Но могель о чем-то долго шептался с раввином. Наконец он обратился к Пачуре:

— Что за спешка такая, молодой человек, поздравляю вас, бог благословил вас наследником, многие лета здравствовать ему… Когда он родился? Покажите, пожалуйста, ксубу[4].

— Какая ксуба, раби? При чем тут ксуба? Вы, ведь не на свадьбе. Вы ведь на обрезание приглашены.

— Да, — улыбается раввин хитро, — но нам нужно знать и о свадьбе, одно с другим связано…

— Какое там одно с другим, — говорит Пачура, — какое там связано.

Он еще многое наговорил бы, потому что наш брат-сапожник подобен сапогу — если уж начнет промокать, то промокает…

Но раввин неожиданно чихнул. Сильно запахло нюхательным табаком.

У Пачуры тоже в носу защекотало. Его красноречие иссякло.

Раввин наклонился к могелю и сказал ему что-то на ухо. Приговор был вынесен.

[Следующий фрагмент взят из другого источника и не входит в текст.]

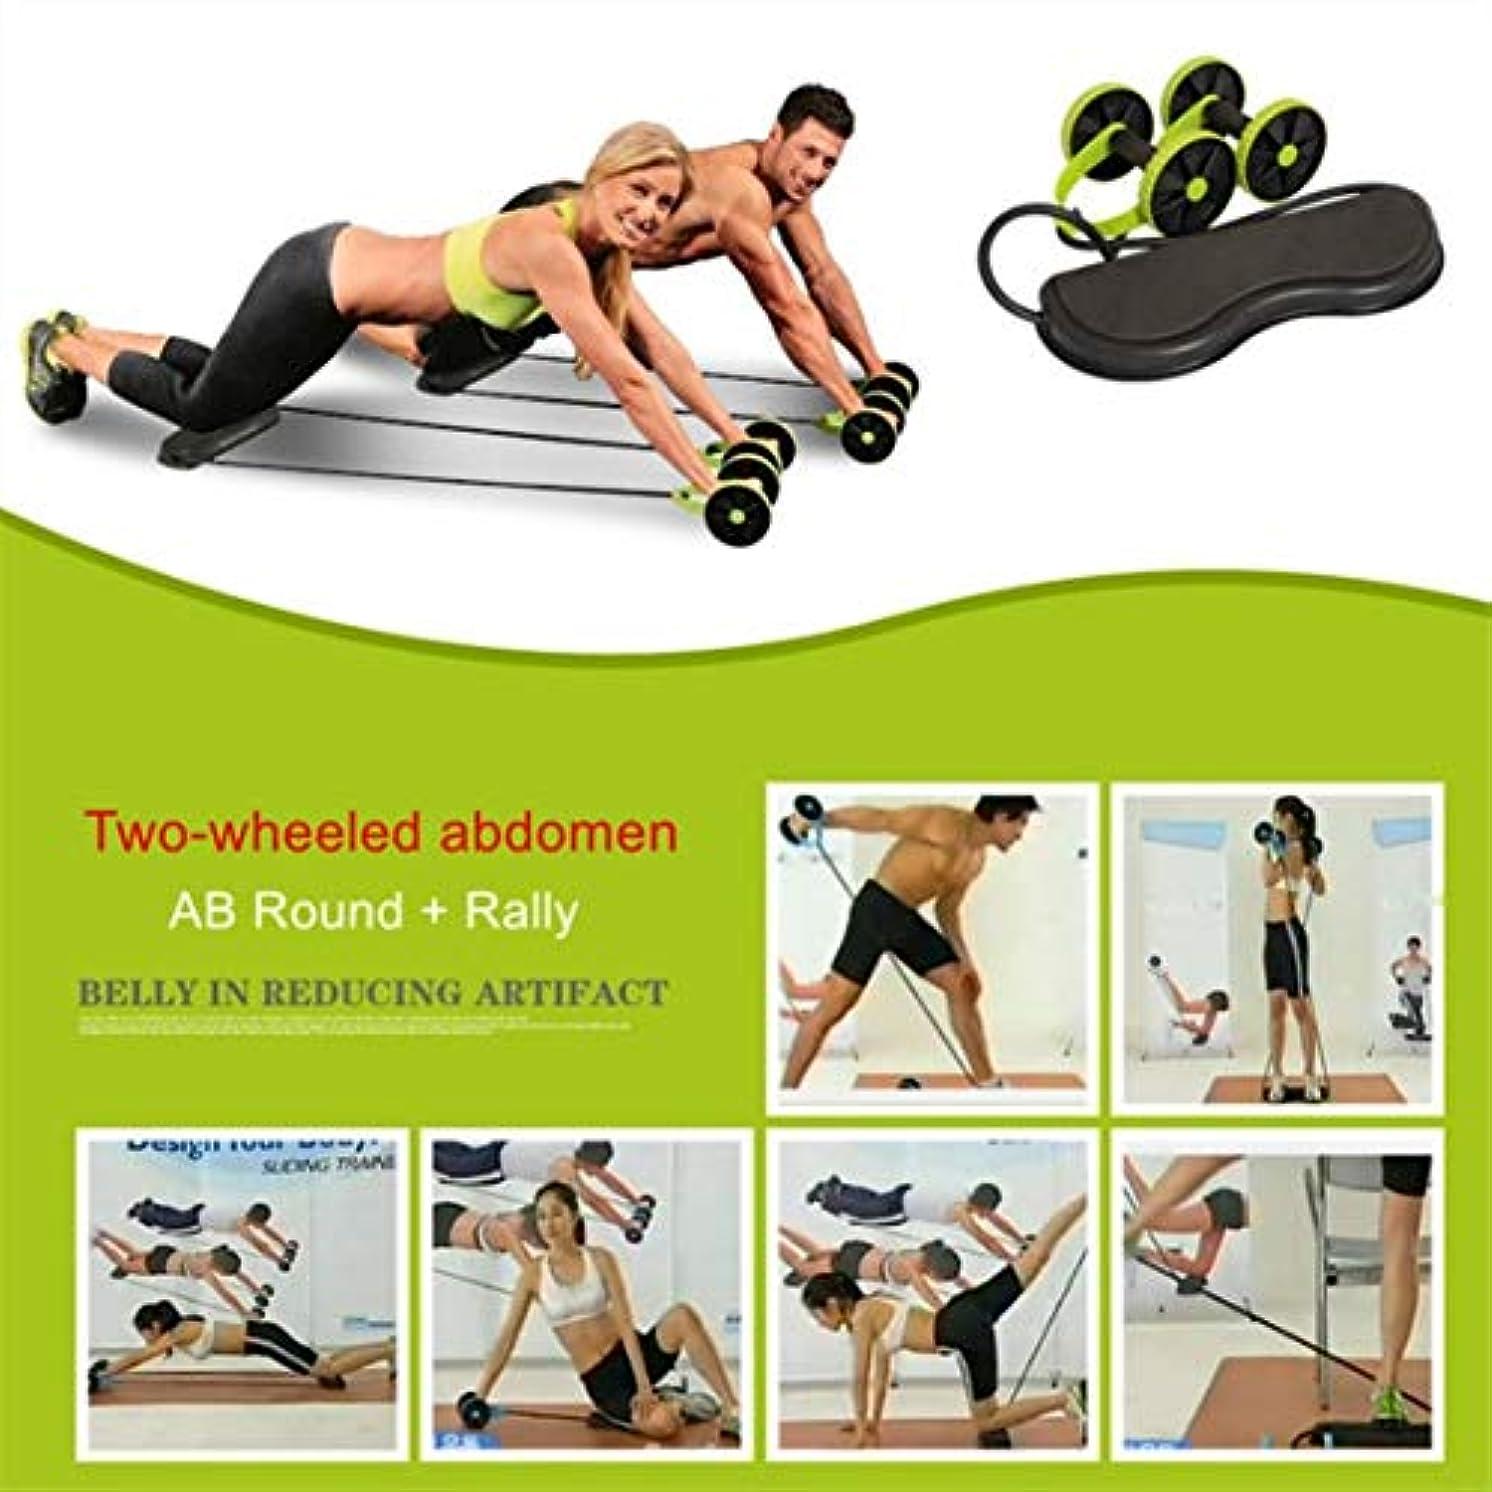 スリット糞デイジーJS-04多機能腹輪腹筋輪腹輪テンションロープ筋肉トレーニングマシン

— До свадьбы нельзя производить обрезание. Необходимо поставить хупе[5],— сказал могель Пачуре.

Пачура все еще никак не мог понять, какое отношение имеет одно к другому. Он волновался:

— Вам, раби, говорят резать — режьте!

В комнате тихо… Слышно только, как Сташка всхлипывает. Потому что она, Сташка, на все готова, хоть сию минуту, и пусть там стенгазета пишет, что хочет.

Пачура стоял с окаменевшим лицом.

«Деревянный гвоздик, — думал он, — забивают двумя ударами: первый — посильнее, второй — послабее».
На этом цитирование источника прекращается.